Tina Turner

Sometimes it seems that what is being celebrated about Tina Turner is her sixtysomething age rather than her music

Sometimes it seems that what is being celebrated about Tina Turner is her sixtysomething age rather than her music. Or the fact that she has survived an abusive marriage and looks so good, for a granny. And one must ask would the same reductive criteria be applied to the likes of Turner's support acts at the RDS on Tuesday night. Namely, John Fogarty and Lionel Richie. Hardly. Either way, Fogarty delivered all the songs Creedence Clearwater fans craved: Bad Moon Rising, Up Around the Bend, Down on the Corner. Following that fiery, funky start, Richie seemed a little like syrup set to music, crooning tunes like a latter day Andy Williams, yet minus the necessary charm. A "smoothie" without substance.

As for Tina, whatever her age, she was sure brave to perform, at one point, against a collage of video clips of her younger self. Strutting and pumping her way across the stage, she had more energy and panache than her backup singers (who were all nearer 20).

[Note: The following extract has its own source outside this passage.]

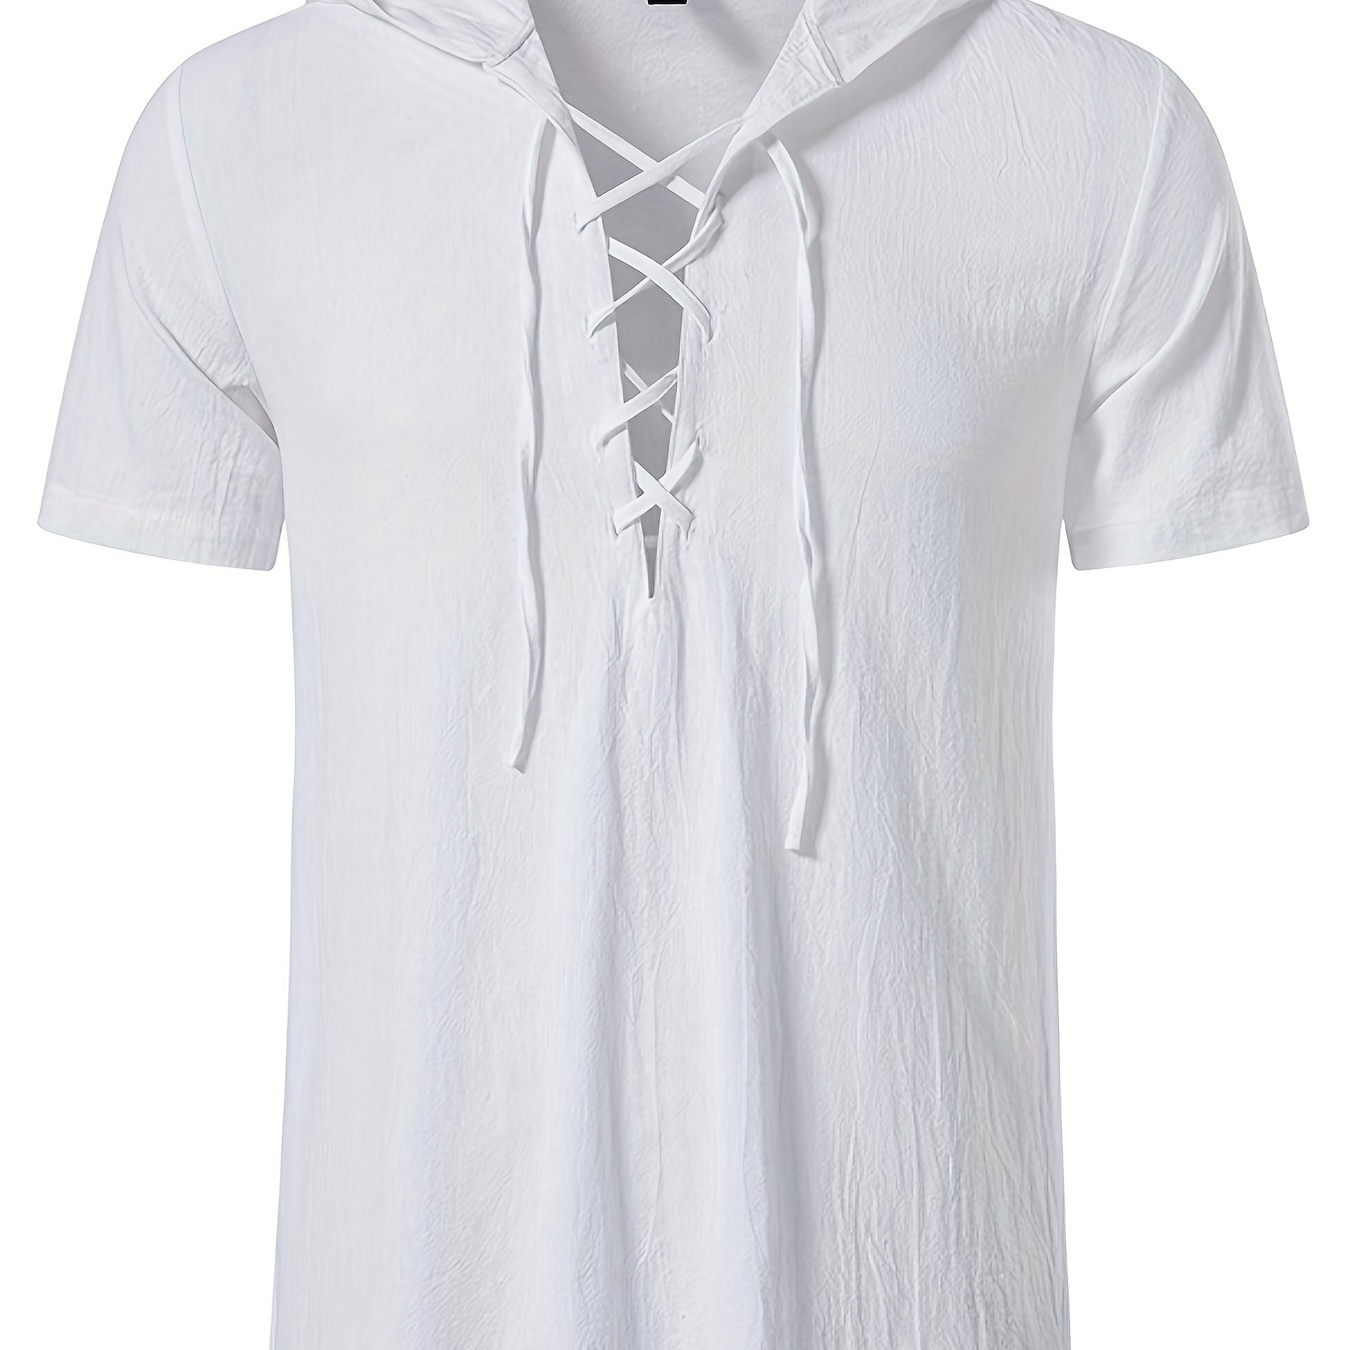 

Trendy Men's Casual Lace Up Hooded Short Sleeve Cotton Shirt, Men's Shirt For Summer Vacation Resort

Sadly, Tina Turner's contemporary take on classics such as River Deep, Mountain High revealed that these days she has more energy and poise than soul. Long gone, too, is the craving that once made her interpretation of John Fogarty's Proud Mary so compelling. And so shamelessly sexual.

Even so, when the sell-out crowd sang, en masse, We don't need another Hero, it was obvious that they meant exactly the opposite of what they were saying. A group of five Gardai, standing near the press enclosure, stood mesmerised. It was the same when Tina slid into the crowd pleasers like Try a Little Tenderness, I heard it through the Grapevine and inevitably perhaps, Simply the Best. She's not, in any sense, but no doubt many of the 40,000-plus people singing along with that song, would disagree. Viewed objectively, this Tina Turner gig was strangely cold and unmoving - all exhibition and no emotion.